### PROVIDED RECORDS

━━━━━━

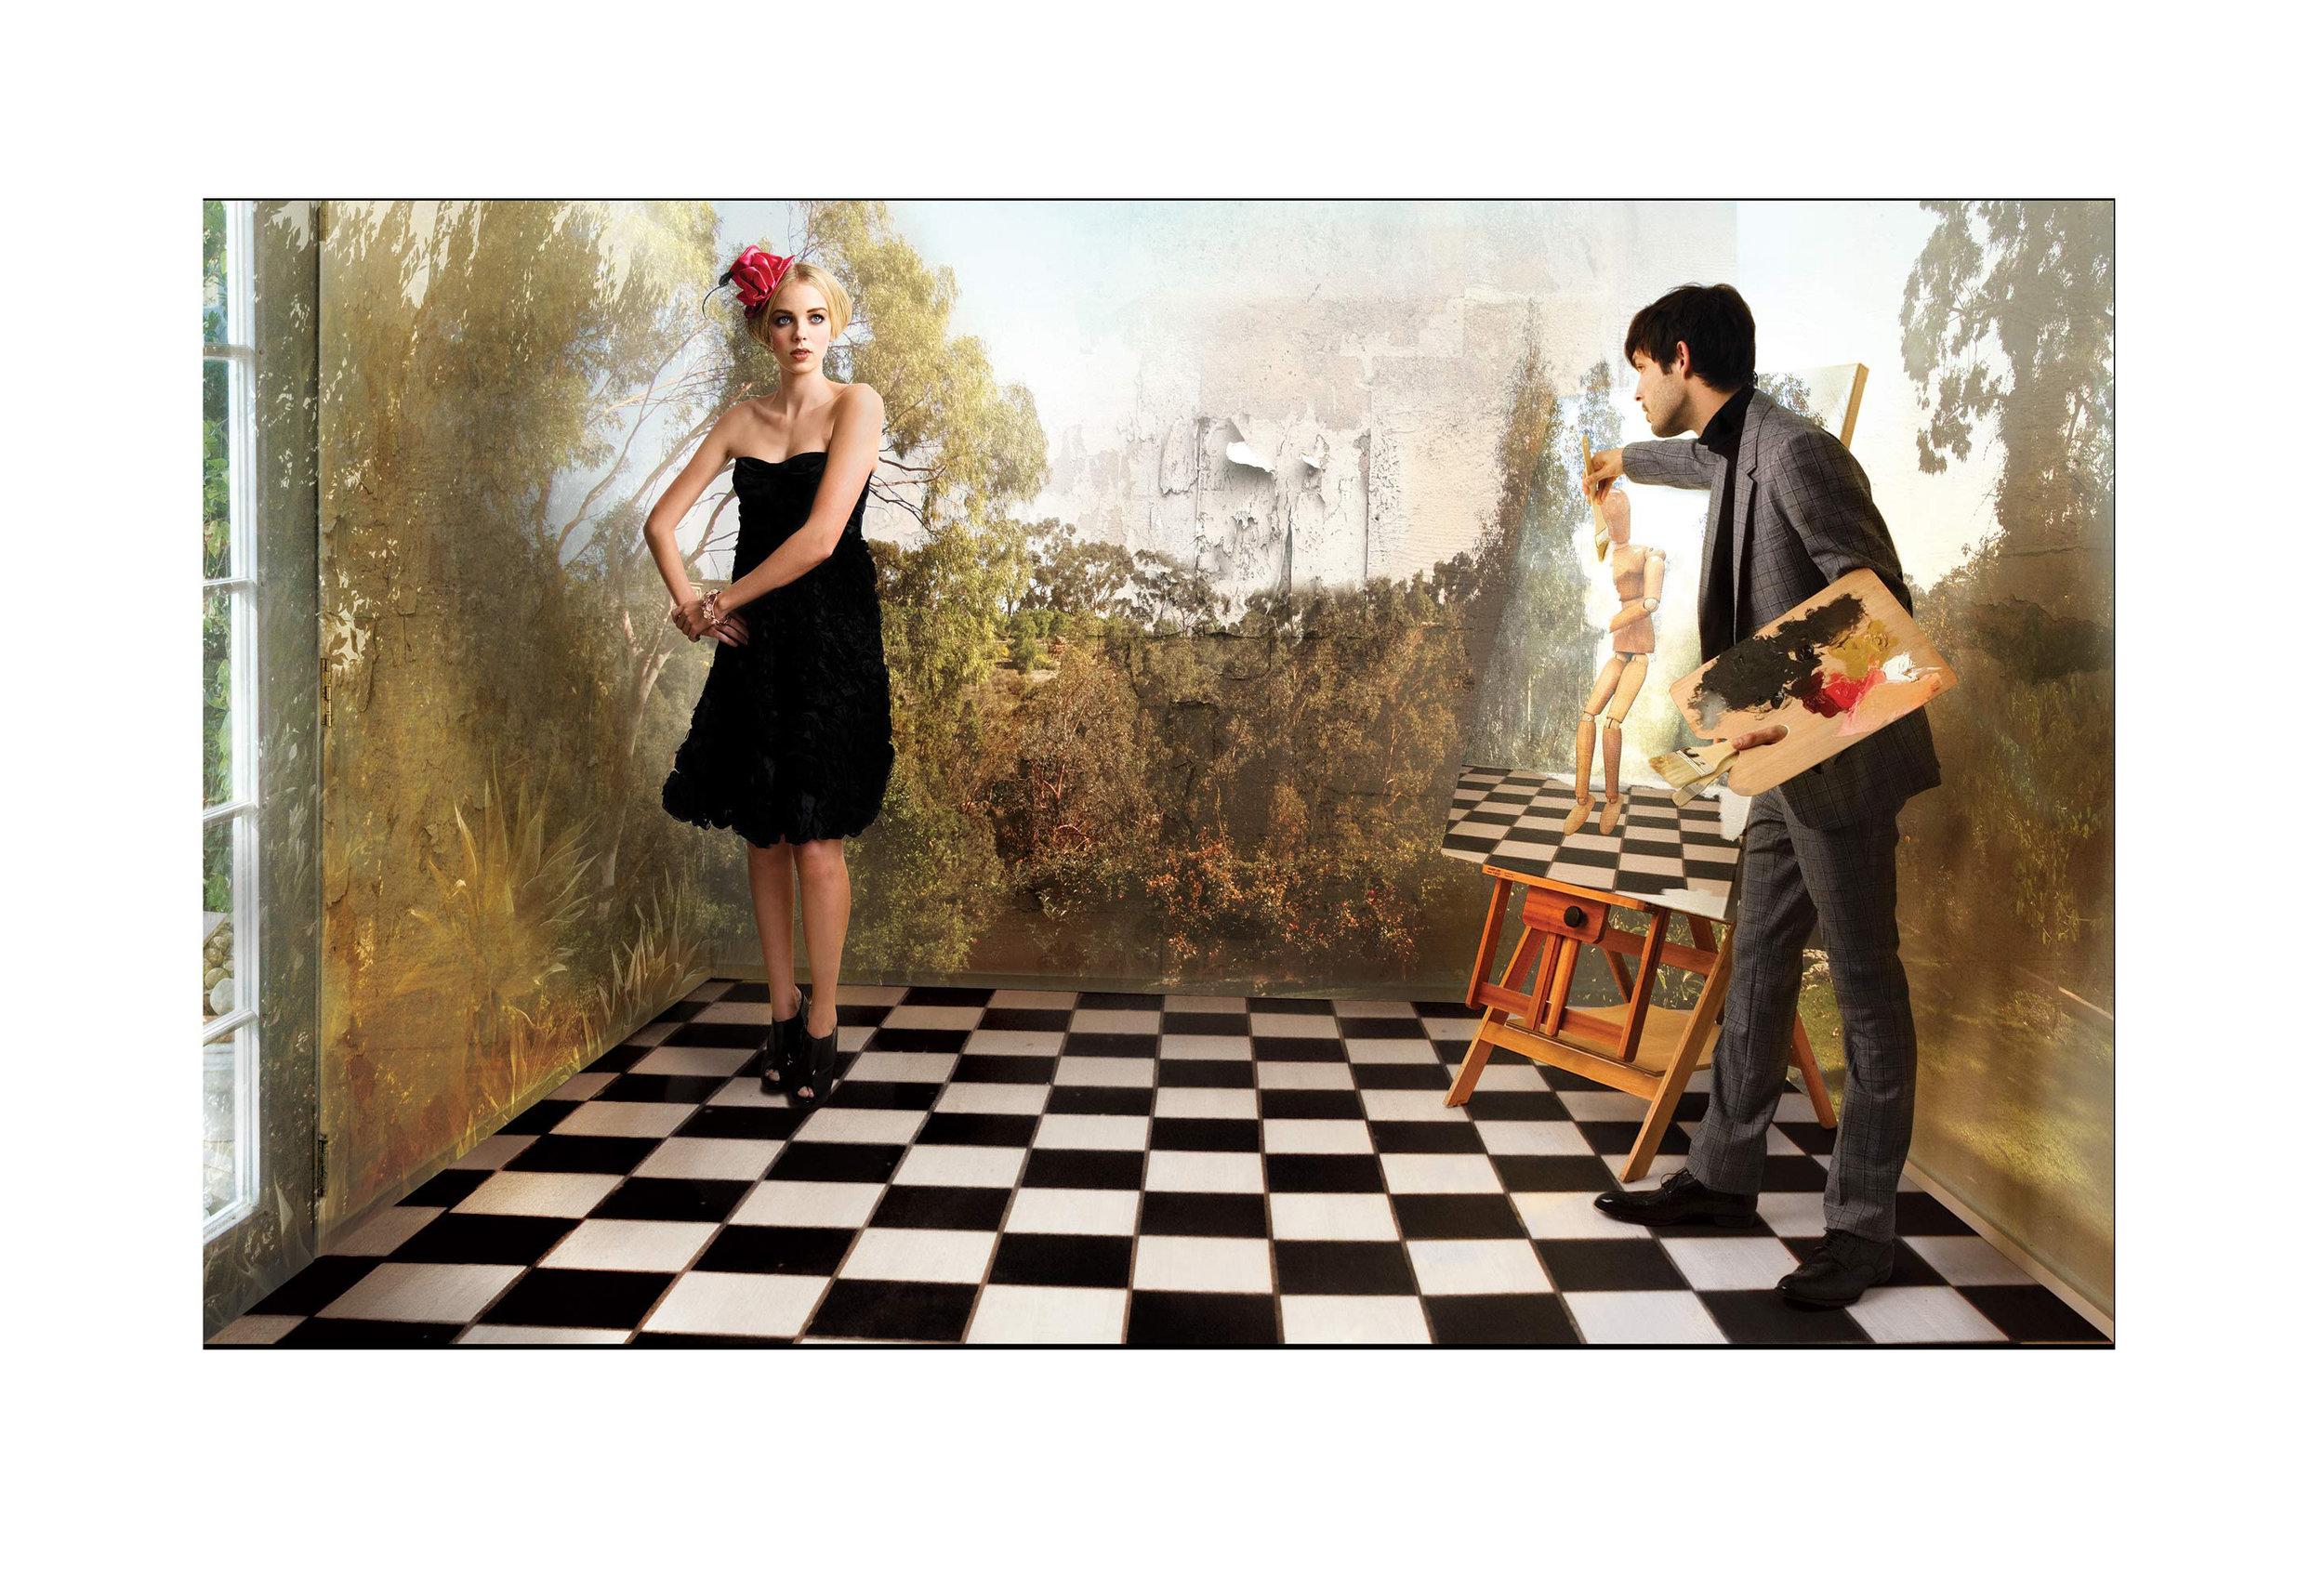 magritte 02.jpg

━━━━━━

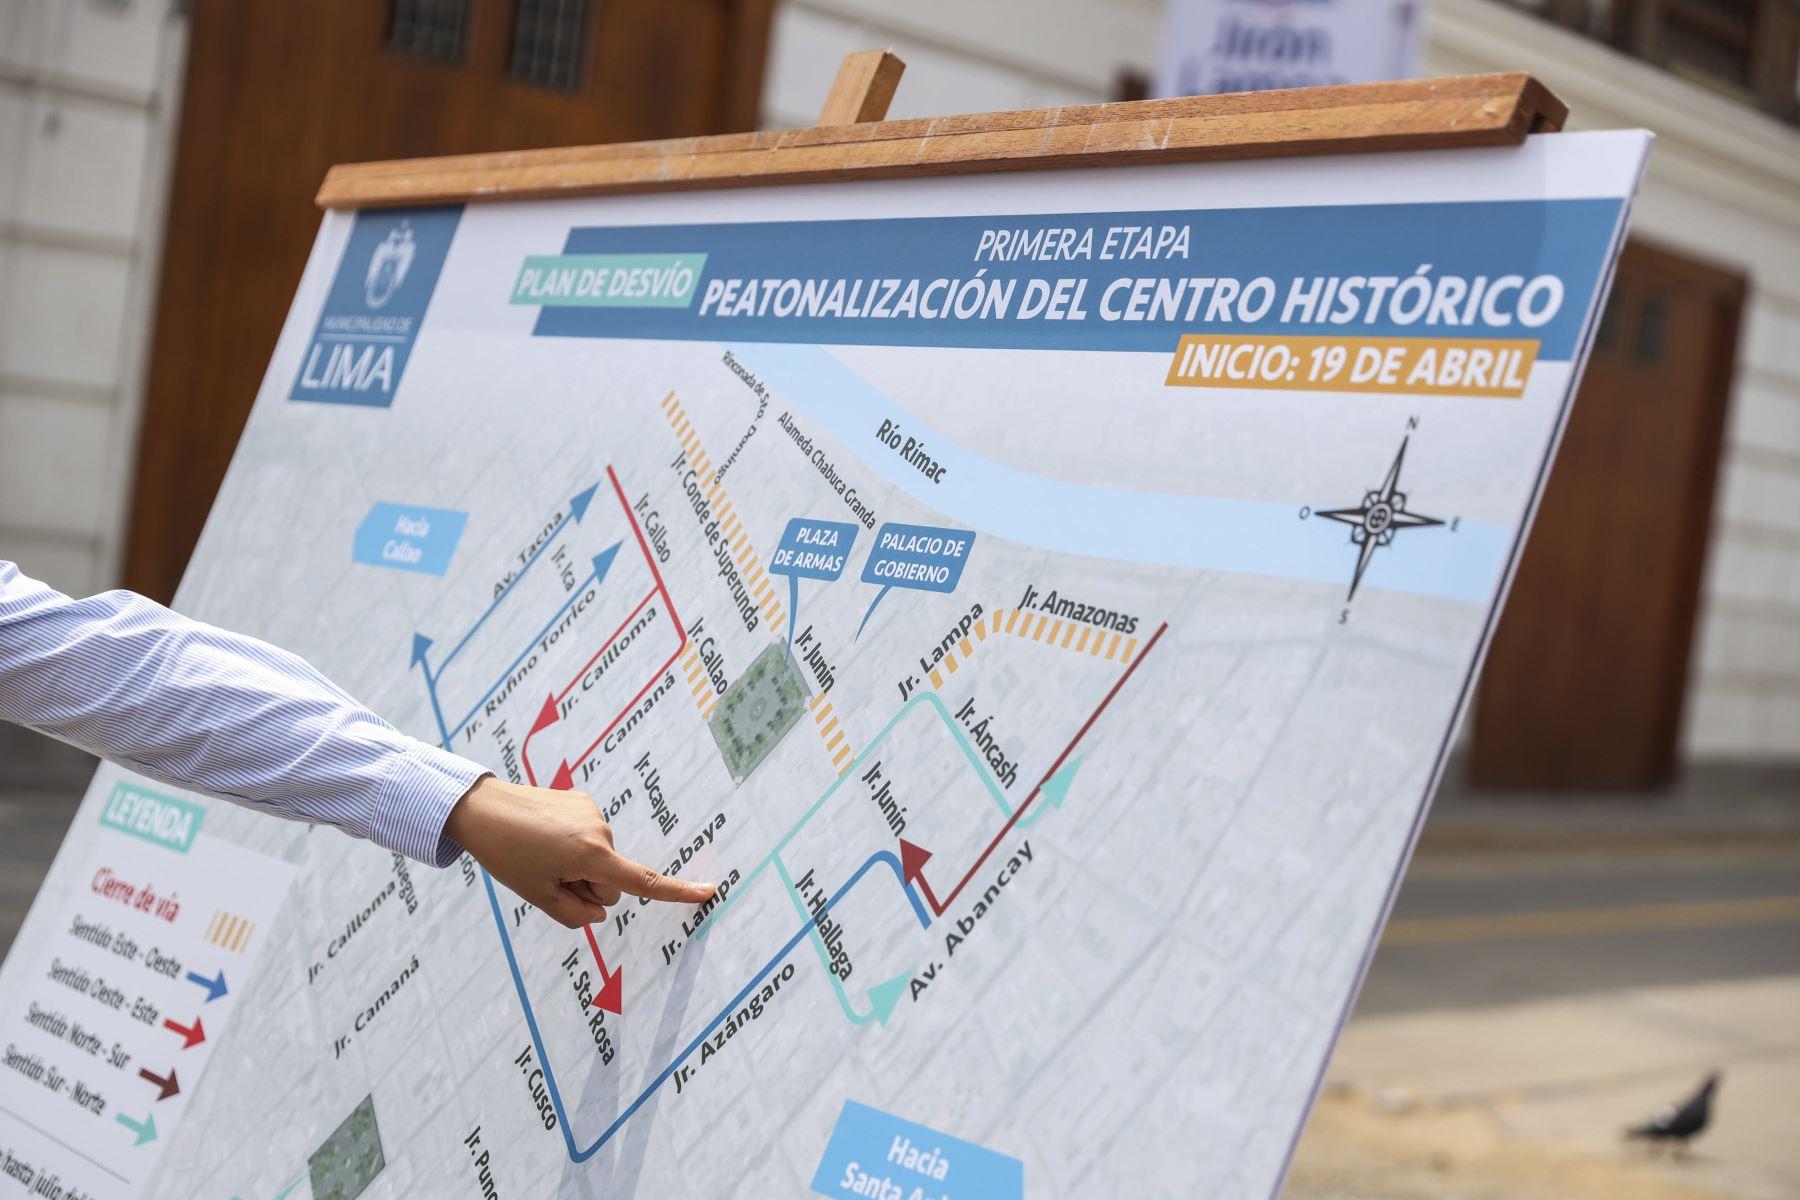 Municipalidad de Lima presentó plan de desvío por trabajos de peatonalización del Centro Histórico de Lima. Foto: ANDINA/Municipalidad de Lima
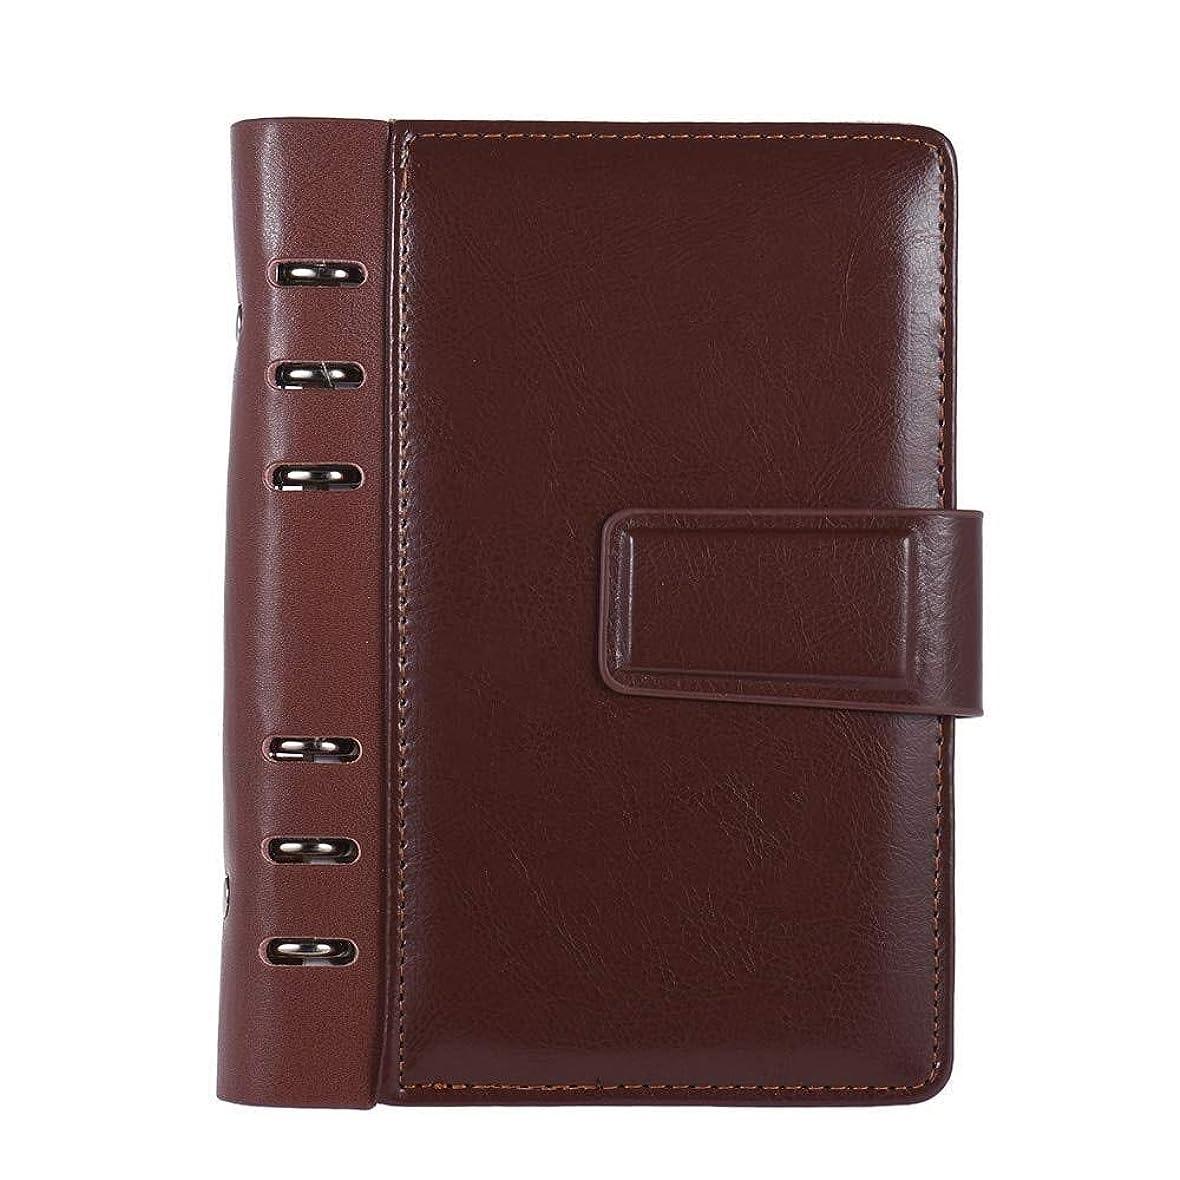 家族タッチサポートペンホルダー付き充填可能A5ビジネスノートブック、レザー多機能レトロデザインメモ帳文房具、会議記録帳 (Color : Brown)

━━━━━━

Extract the part of the records that opens with the line containing "Municipalidad de Lima presentó" and closes with the line containing "(Color : Brown)". Take only those lines, exactly, and no pictures.

 Municipalidad de Lima presentó plan de desvío por trabajos de peatonalización del Centro Histórico de Lima. Foto: ANDINA/Municipalidad de Lima
 家族タッチサポートペンホルダー付き充填可能A5ビジネスノートブック、レザー多機能レトロデザインメモ帳文房具、会議記録帳 (Color : Brown)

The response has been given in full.